Pew Research continues to report on the decline of Christianity in America. According to their polling, nearly a third of people raised in the Christian faith currently leave before turning 30 years of age, and an additional 7% do it later. On that trajectory, by 2070 (and probably much sooner), Christianity will become a minority religious faith in this country.

Having worked with churches and ministry organizations my entire life, I think a big reason for this decline is our obsession with BIG. Big evangelistic campaigns, large missions efforts, and massive projects.
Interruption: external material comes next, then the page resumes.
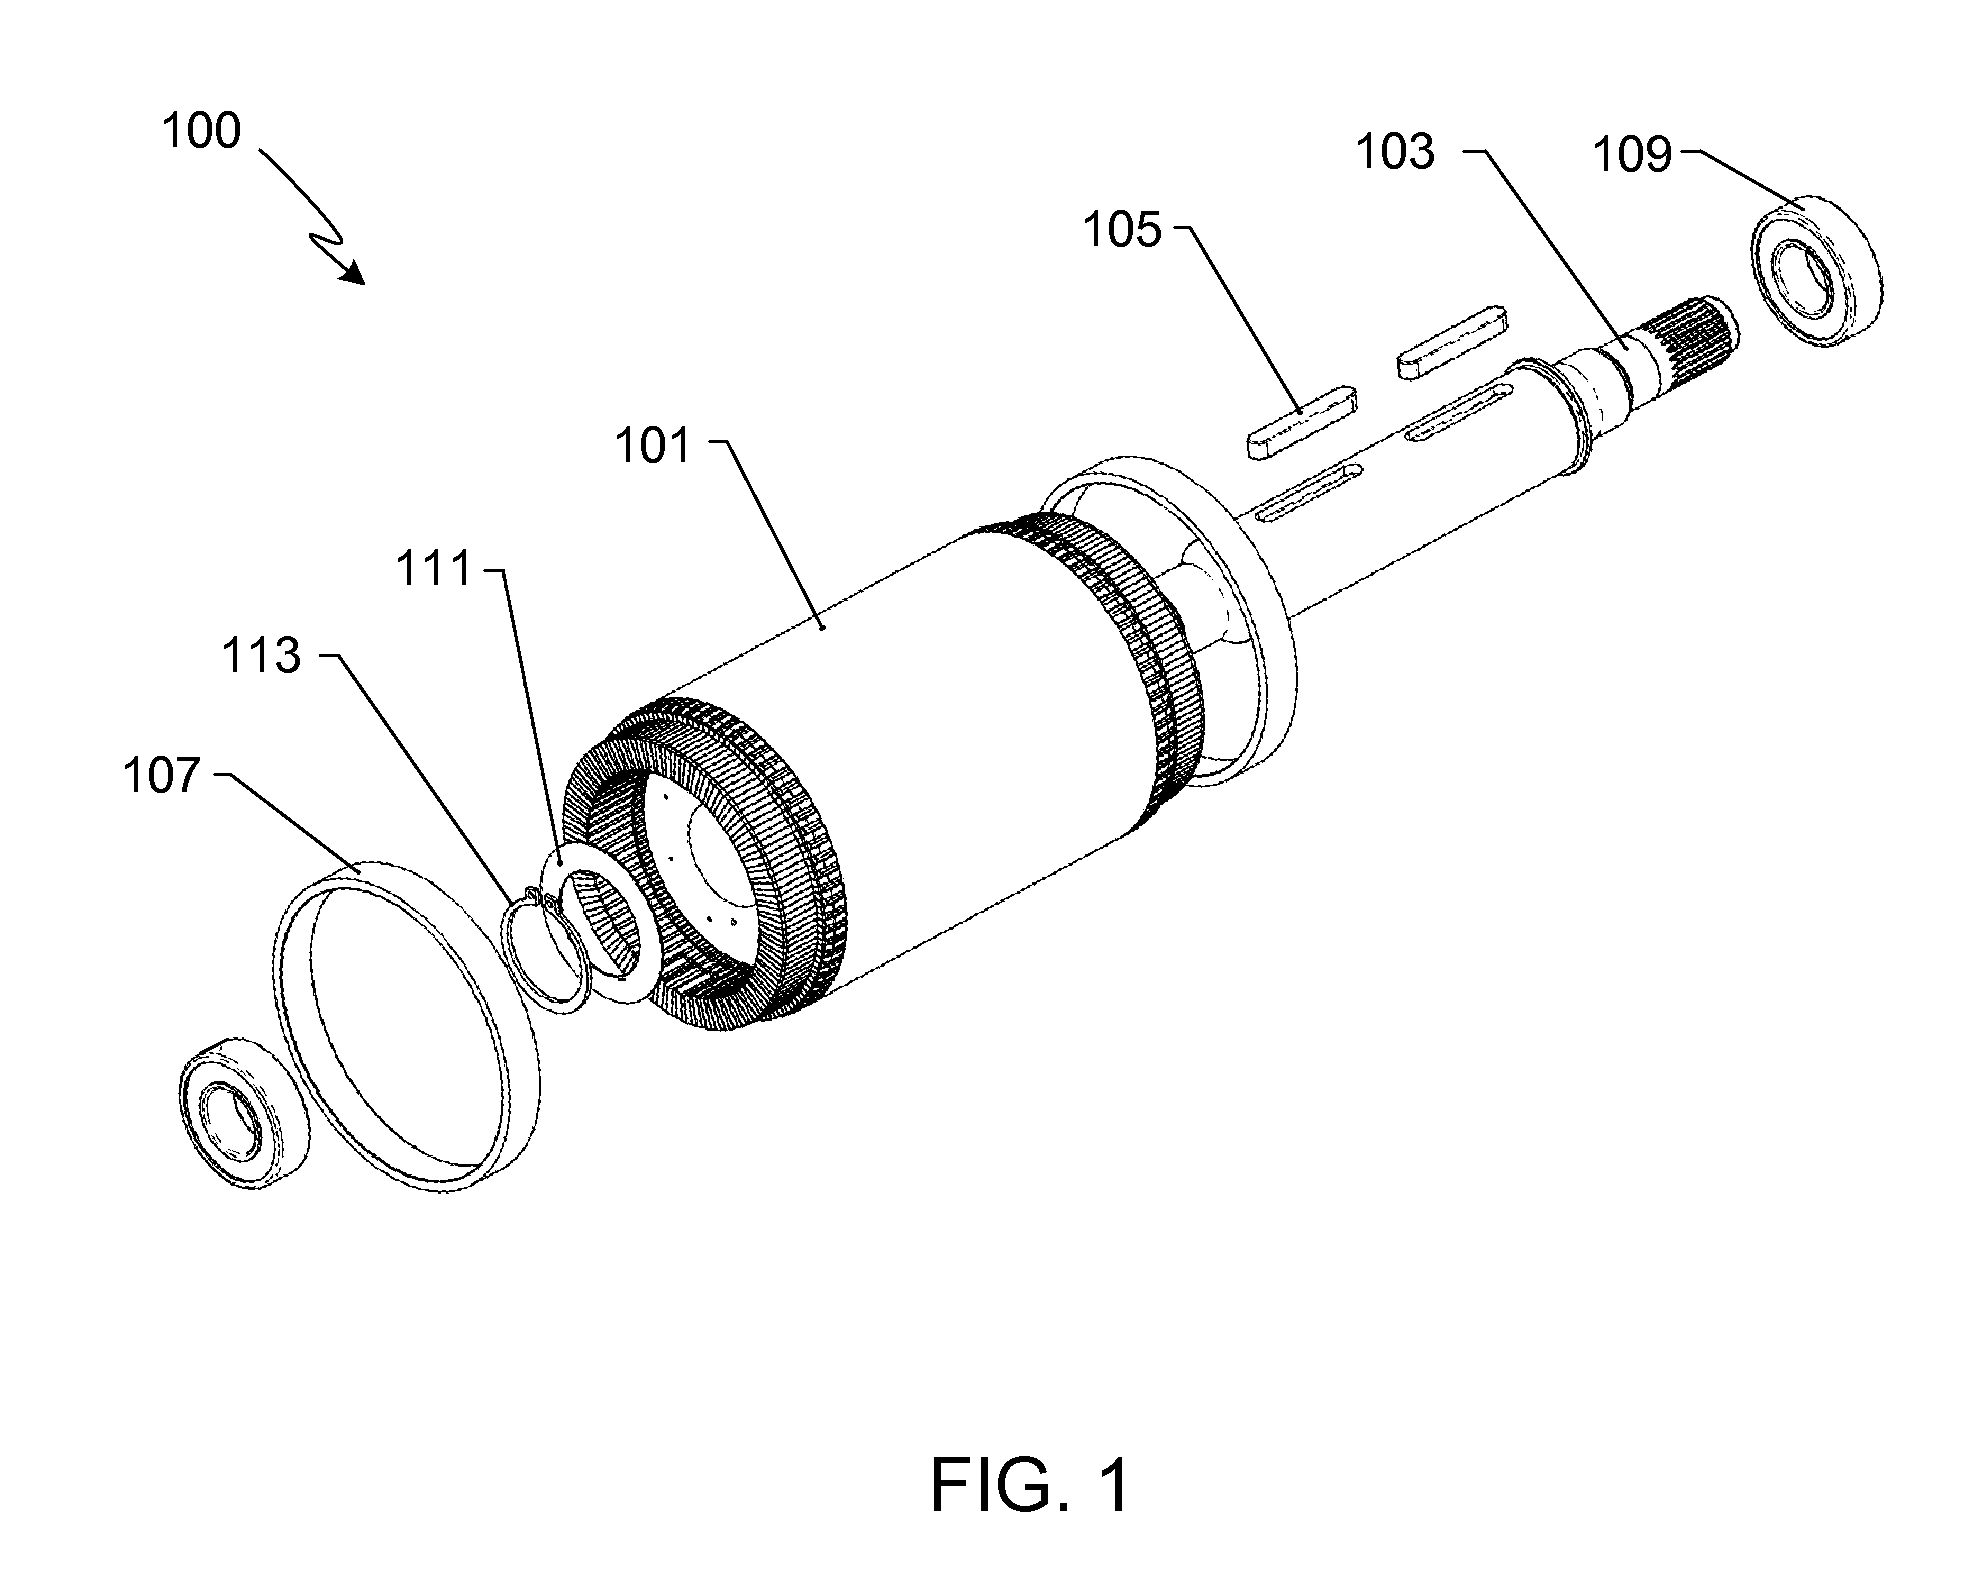 Rotor Design for an Electric Motor

Think of how many conferences have themes like “Shake the Nations” or “Win the World.” One current campaign is spending $100 million with the goal of “Making Jesus the Biggest Name in Your City.”

All of these efforts are laudable, and I’ve been involved in plenty of them. However, here’s an idea:

Let’s just focus on reaching one person. That’s right. Just one.

When your goal is to reach an entire city, state, or to “shake the nations,” things get pretty impersonal. We can farm it out to professionals and produce TV commercials, billboards, and marketing strategies. But we’ve seen that done again and again, and we’re always back to the same result:

Christianity keeps declining.

In 2017, the General Social Survey revealed that only about 20% of Americans have spent time regularly with their neighbors, and a third say they’ve never interacted with them. A 2021 survey reported that 26% of Millennials don’t even know their neighbor’s name.

So maybe we start there. When was the last time you talked to a single person about Jesus? When was the last time you mentioned to your waiter or waitress that you came to the restaurant from church, and see where that conversation went?

I brought it up to a middle-aged UBER driver some time ago, and discovered he had actually been an evangelist himself in his twenties, but back then just couldn’t give up smoking. As a result, churches stopped calling him and he considered himself a failure, and hadn’t preached the gospel in more than twenty years.

We talked for nearly an hour during our drive from the airport, and by the time we reached my house, I’d made him realize that churches, revivals, and evangelistic campaigns were fine, but there were plenty of other ways he could be effective sharing the gospel. I encouraged him to get back out there in ministry and he could start with his UBER customers.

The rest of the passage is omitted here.